The letter, written on a yellowing
double-spread sheet of paper, was penned by Wagner in Lucerne,
Switzerland in 1869. It was apparently intended for the French
philosopher Edouard Schoure, said Meron Eren, of the Kedem
Auction House.
The buyer's identity was not made public.
In the letter, Wagner attempts to explain the ideas in his
anti-Semitic essay "Judaism in Music" to Schoure and writes that
the French were unable to discern "the destructive influence of
the Jewish spirit on modern culture", the Kedem website said.

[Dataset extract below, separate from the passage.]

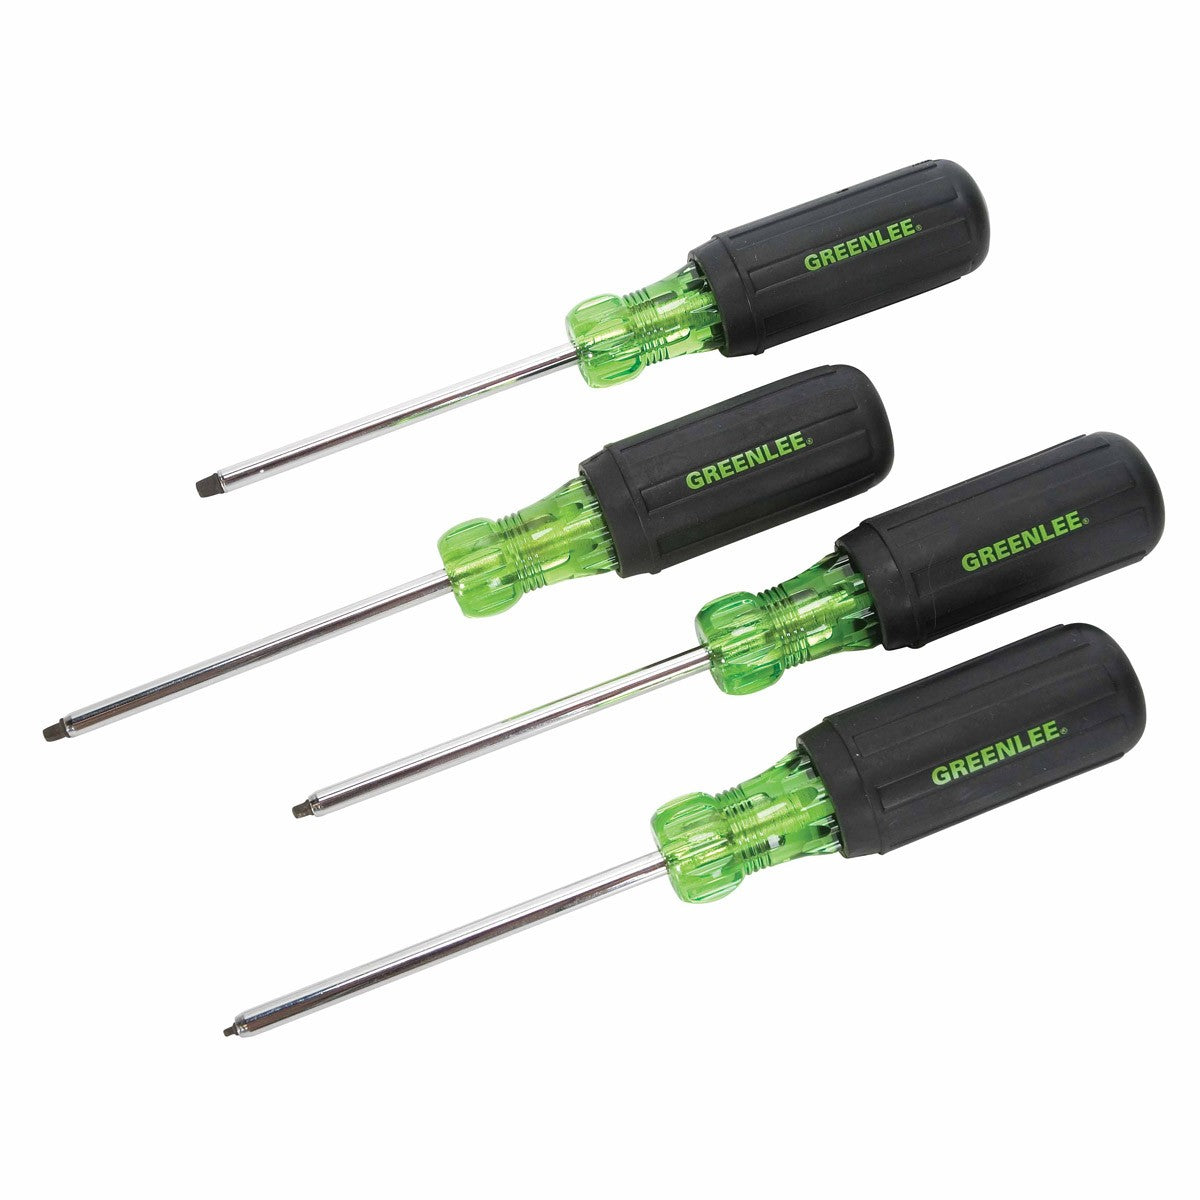 Greenlee 0353-01C 4-Piece Square-Recess Tip Driver Set
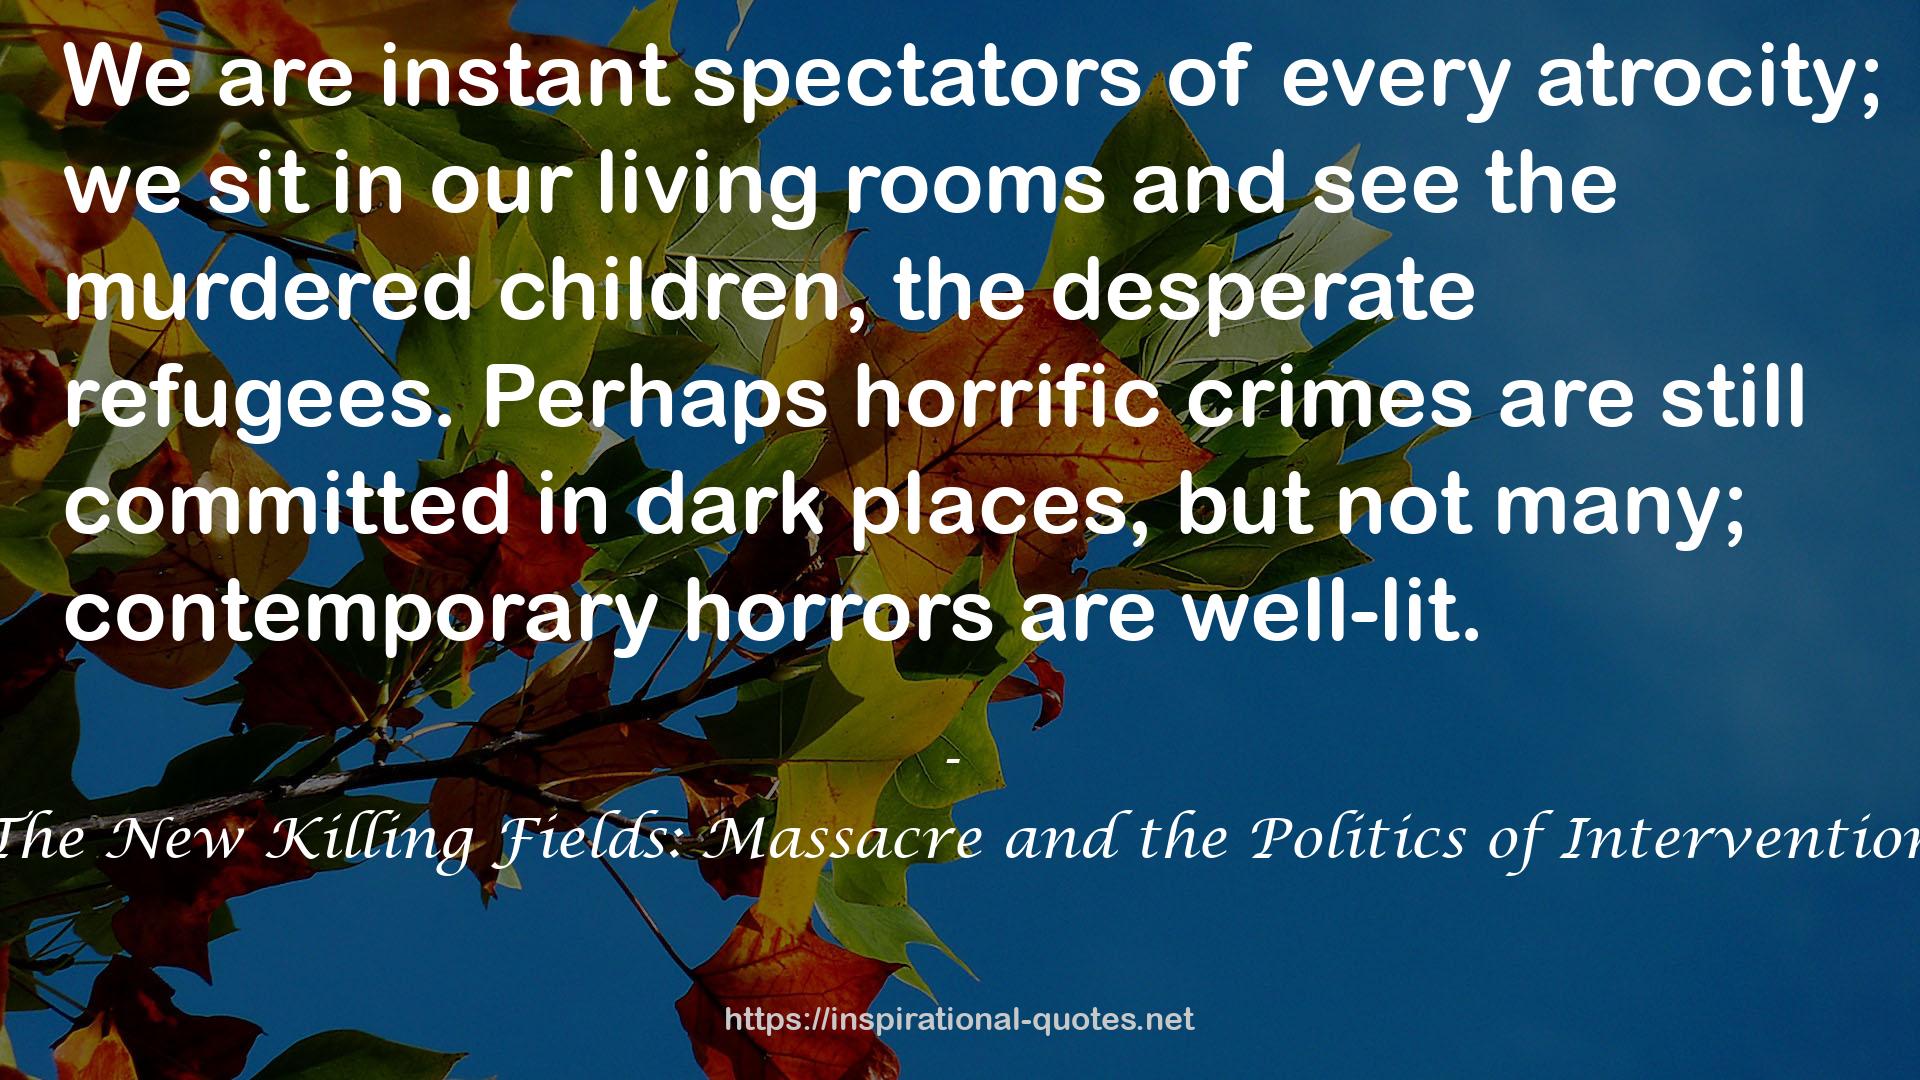 The New Killing Fields: Massacre and the Politics of Intervention QUOTES

Wagner, whose expansive operas are hailed as musical
masterpieces, was Adolf Hitler's favorite composer and he and
his Nazi followers embraced the composer's anti-Semitic writings
and ideology.
Wagner died in 1883 in Venice, more than six years before
Hitler's birth in Austria.
"Surprisingly, this letter came from a collector in Israel who
probably bought it at an auction in Europe ten or 20 years ago,"
the auction house chief Eren told Reuters.
Eren said that selling an anti-Semitic letter in Israel was "a
problem for us" but that private collectors or museums focusing
on the Holocaust and hatred of Jews would be interested in the
item.
"We think this is the right thing to do," he said.
Wagner's music is rarely performed in Israel, where it evokes
memories of the Holocaust, although some leading musicians have
called for an end to the unofficial ban.